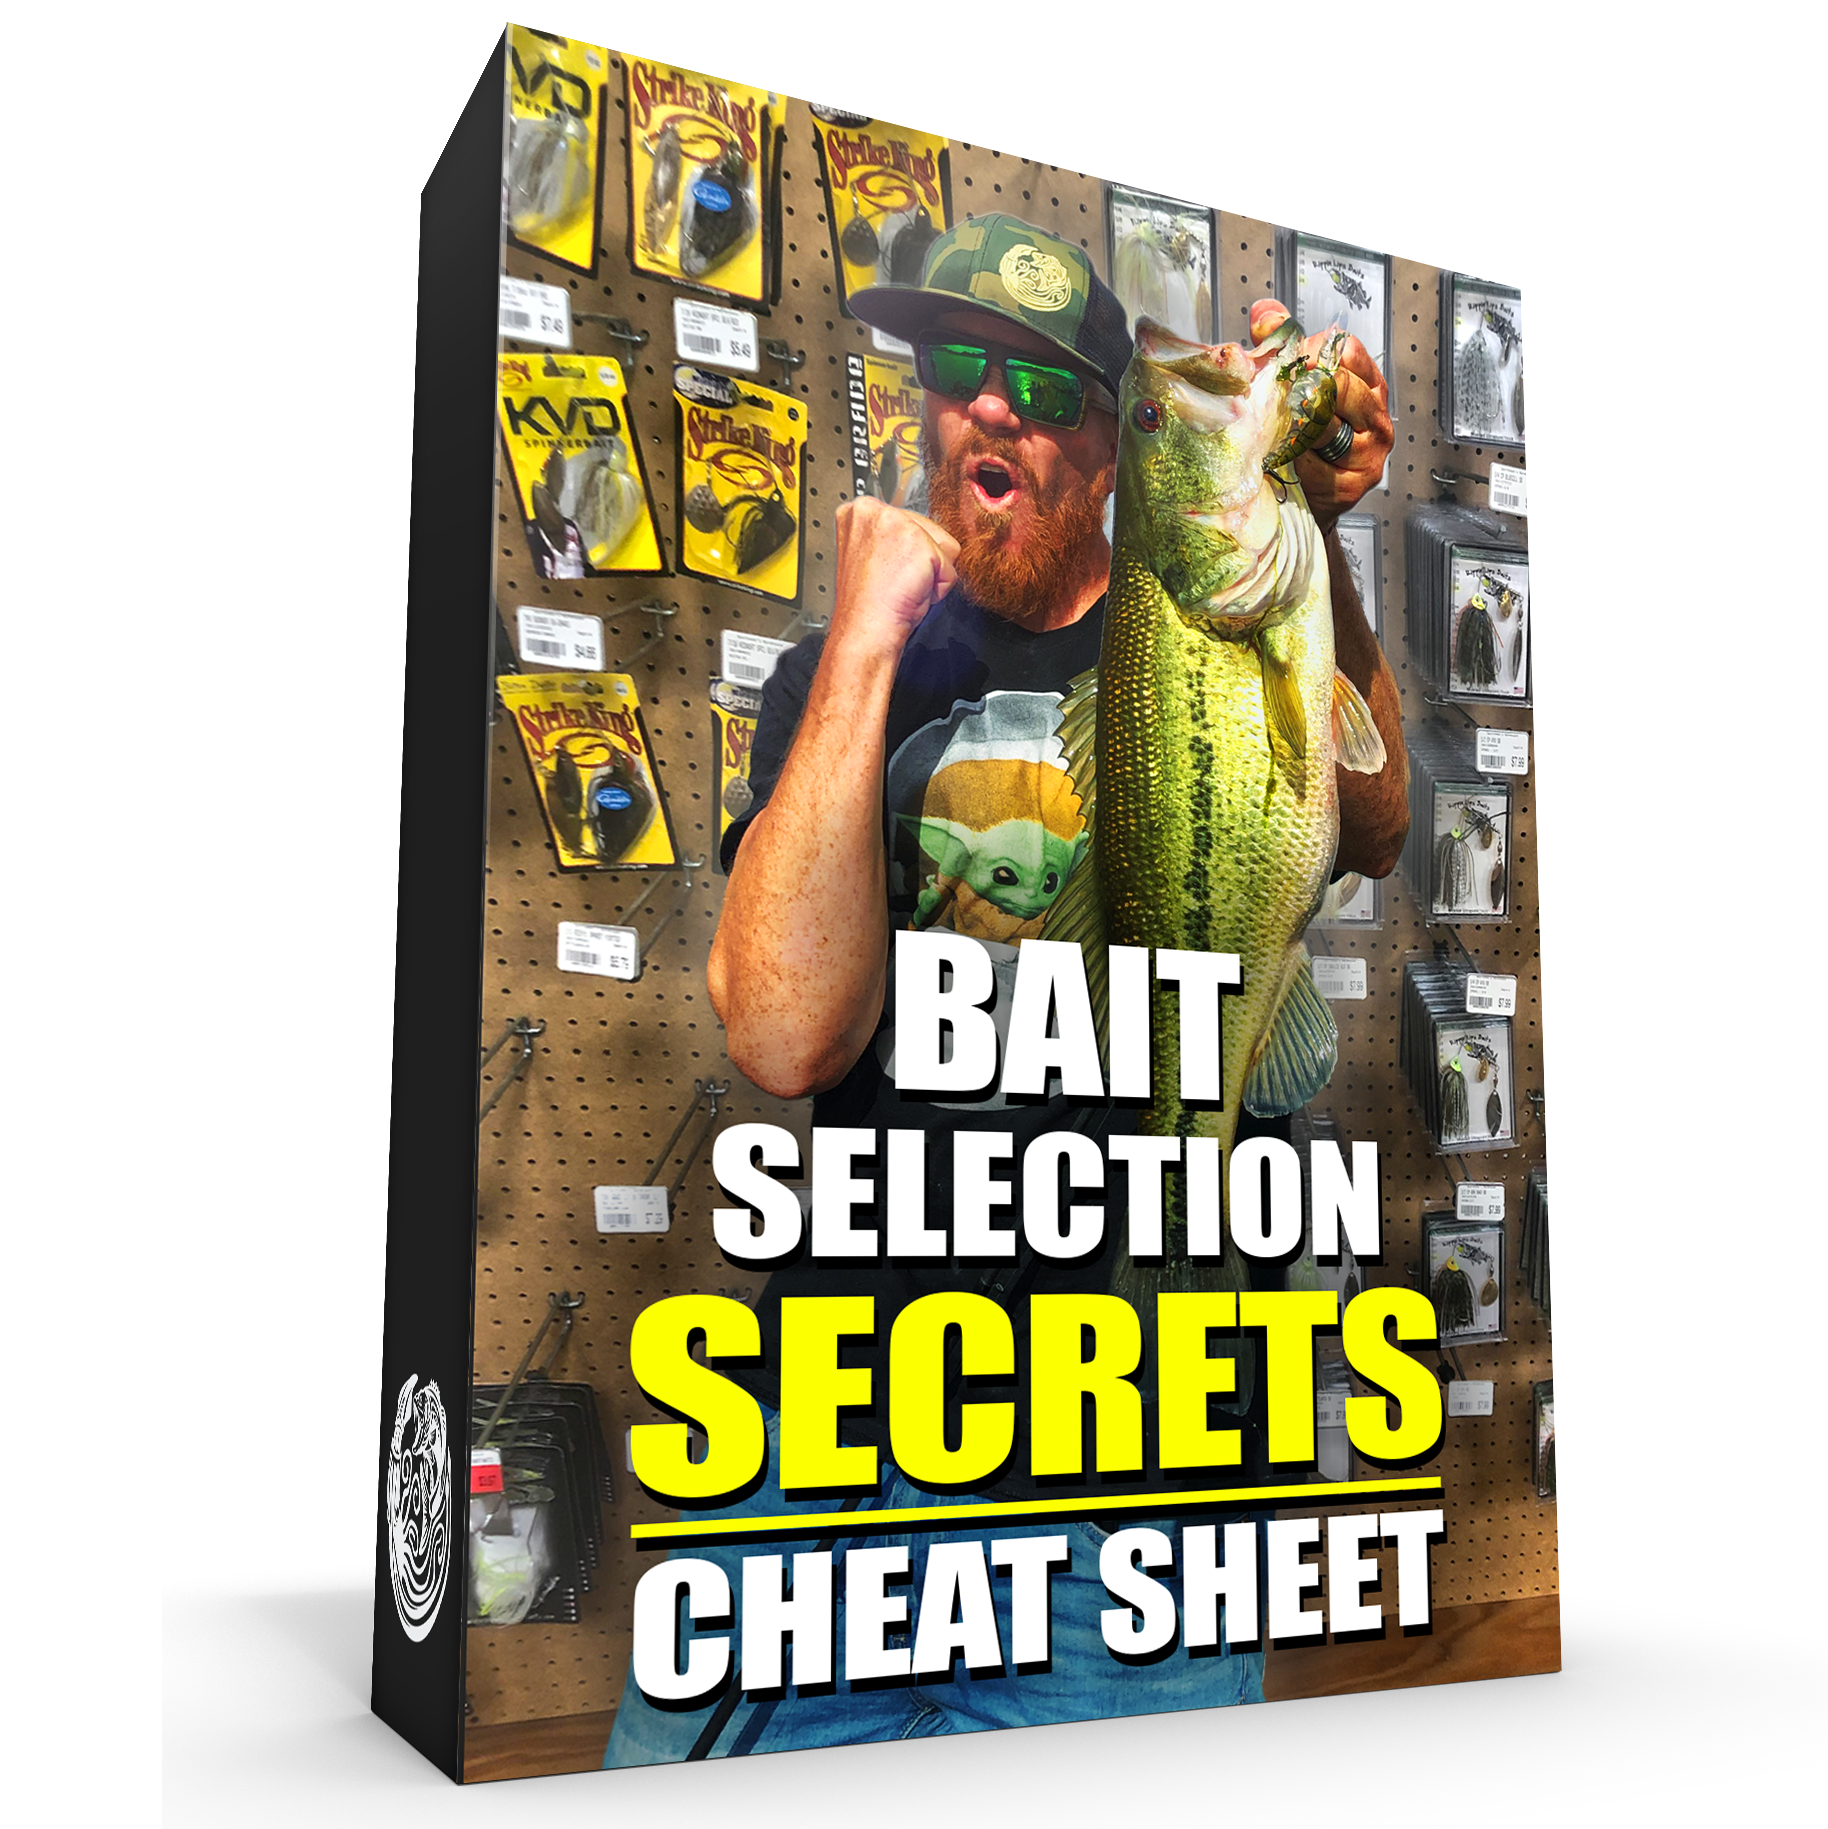 Kraken Bass - You Can Avoid Wasting Countless Hours Bass Fishing By Using  This Chart To Pick the Right Lure Color Every Time. Here's your chance to  get it FREE! ---->
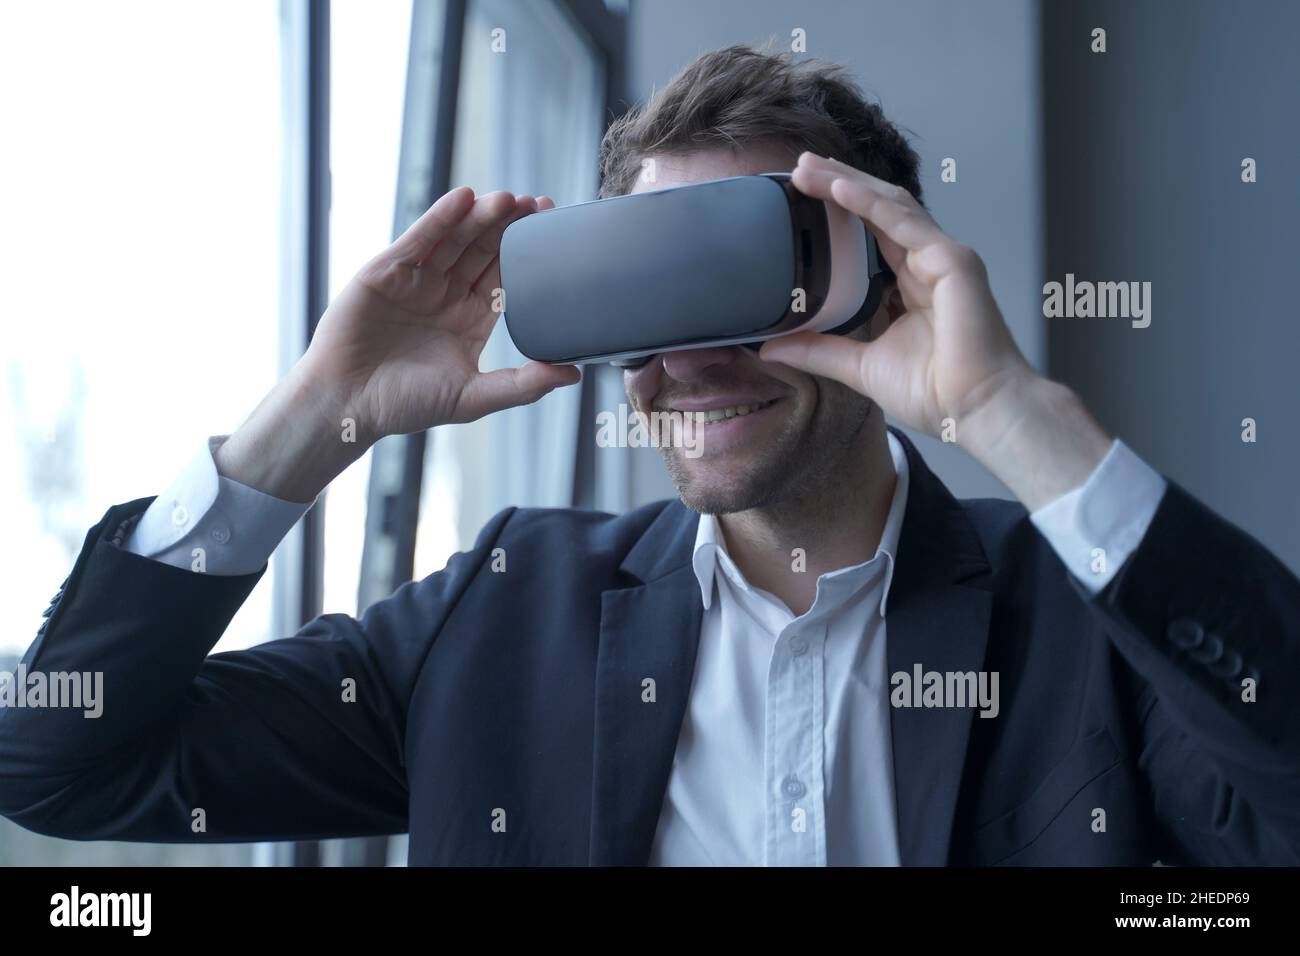 Excited business person in suit wearing VR headset on head taking part in meeting in virtual reality Stock Photo
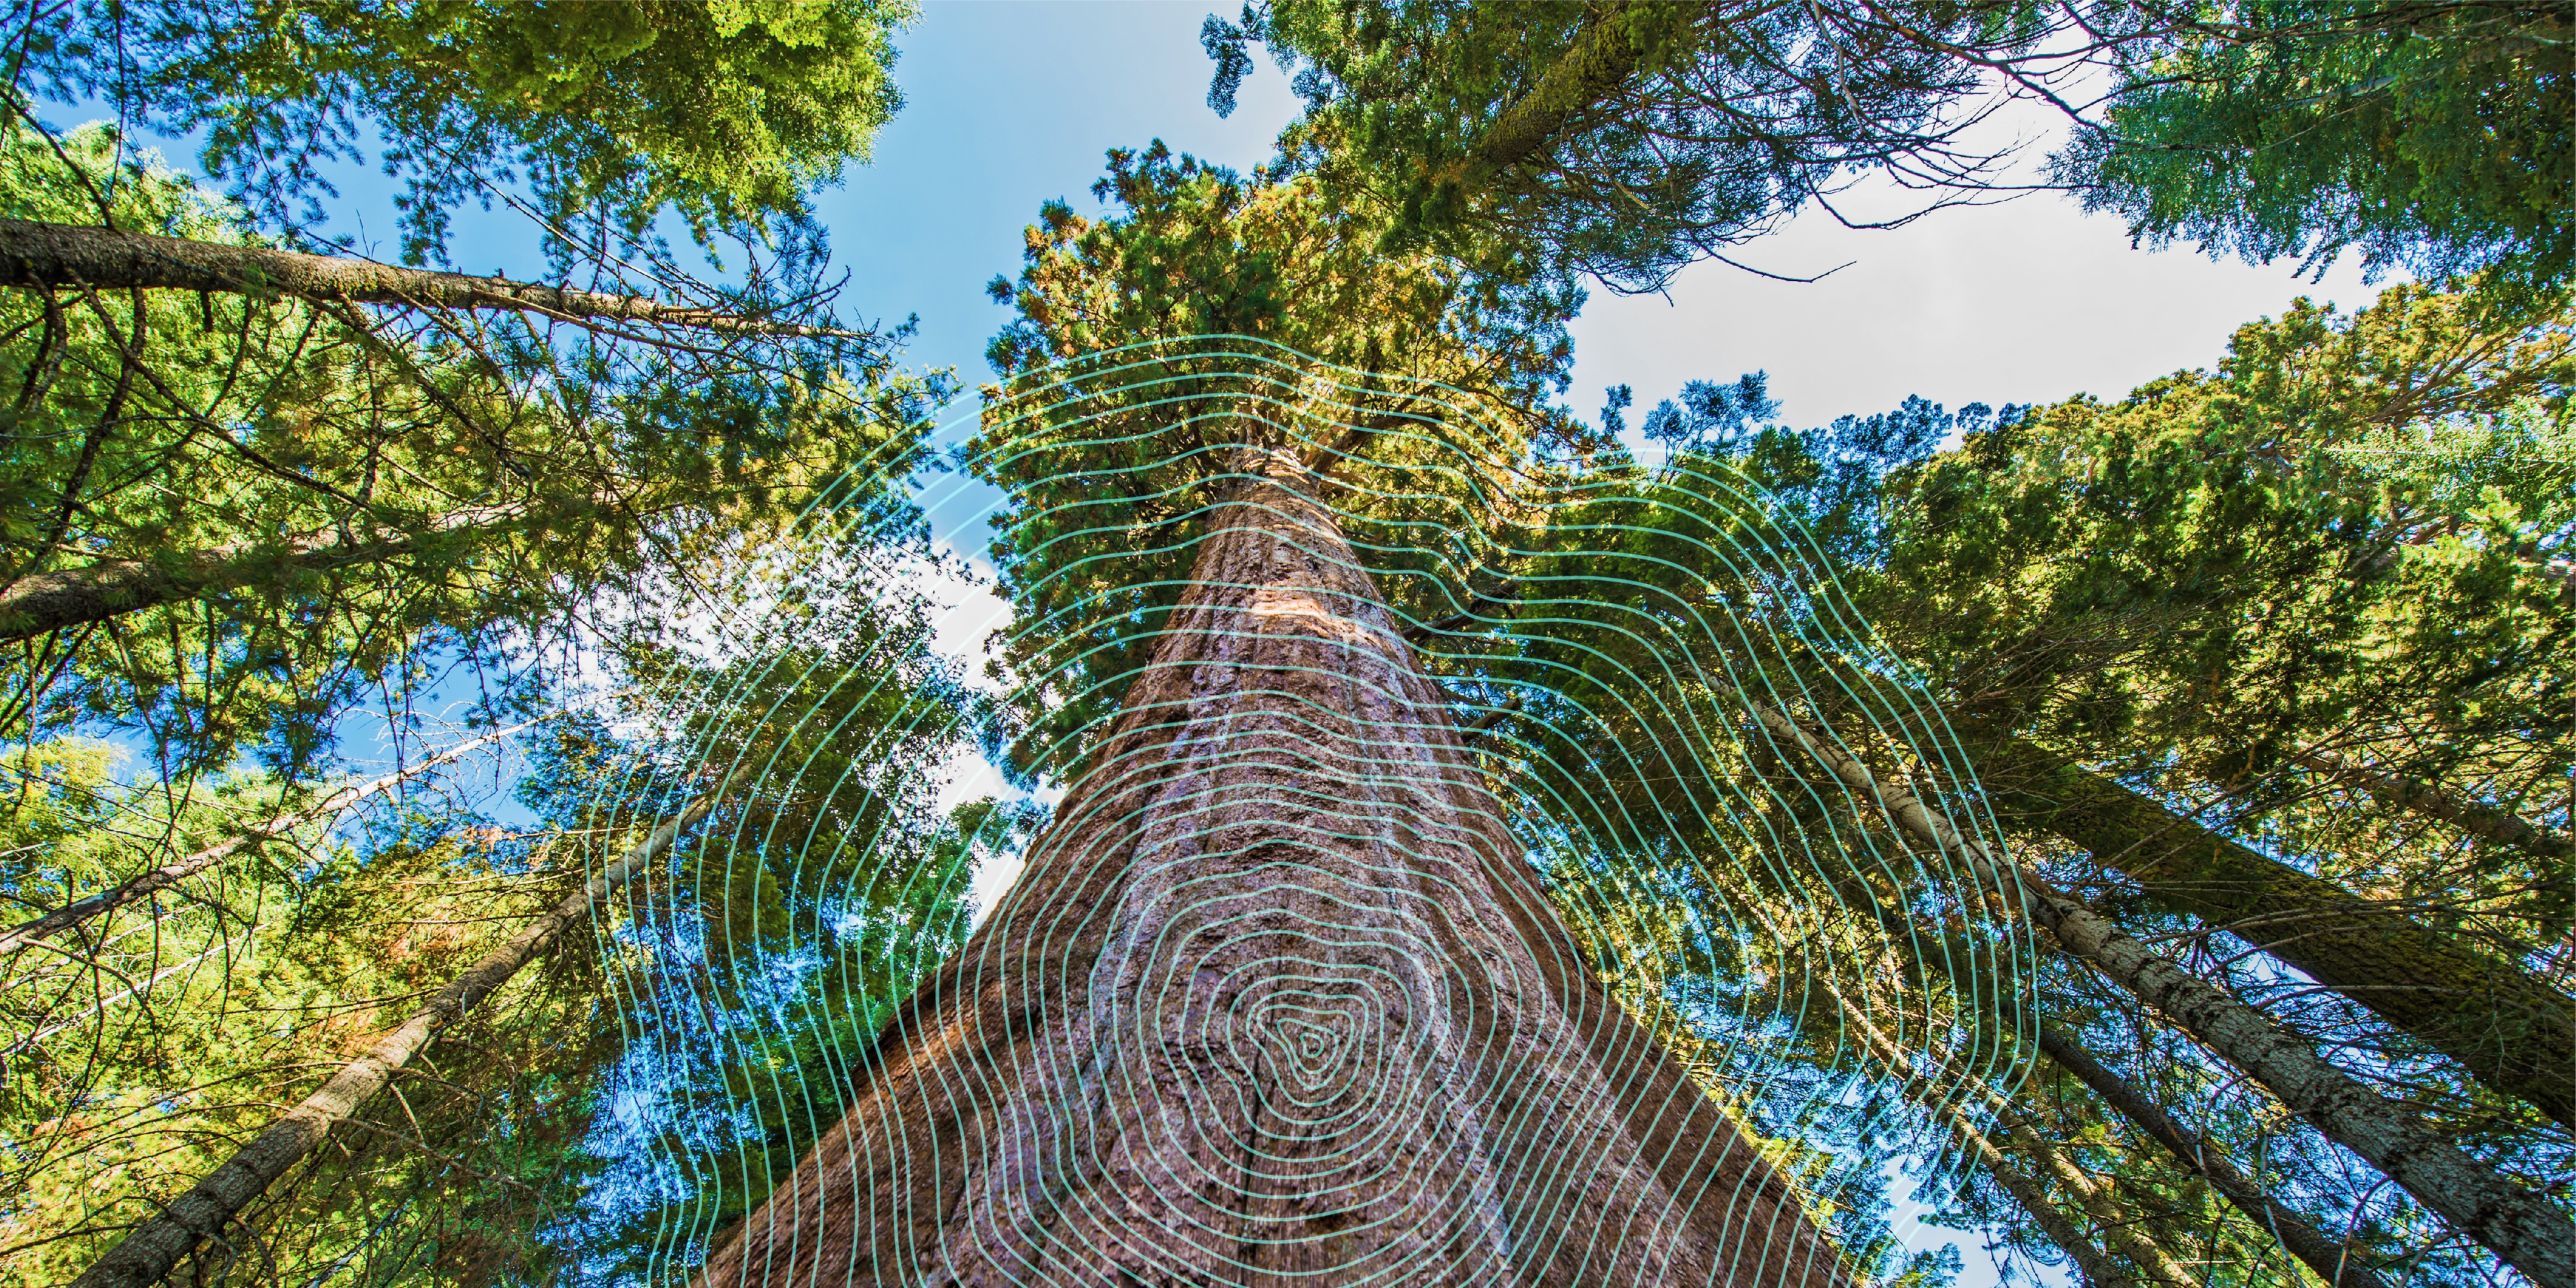 redwoods photo with rings overlaid

+ + + + + + +

▶ Work instructions: Everything in the material above must be repeated exactly, apart from its pictures.

▶ Exercise response:
 Kraken Bass - You Can Avoid Wasting Countless Hours Bass Fishing By Using  This Chart To Pick the Right Lure Color Every Time. Here's your chance to  get it FREE! ---->
 Excited business person in suit wearing VR headset on head taking part in meeting in virtual reality Stock Photo
 redwoods photo with rings overlaid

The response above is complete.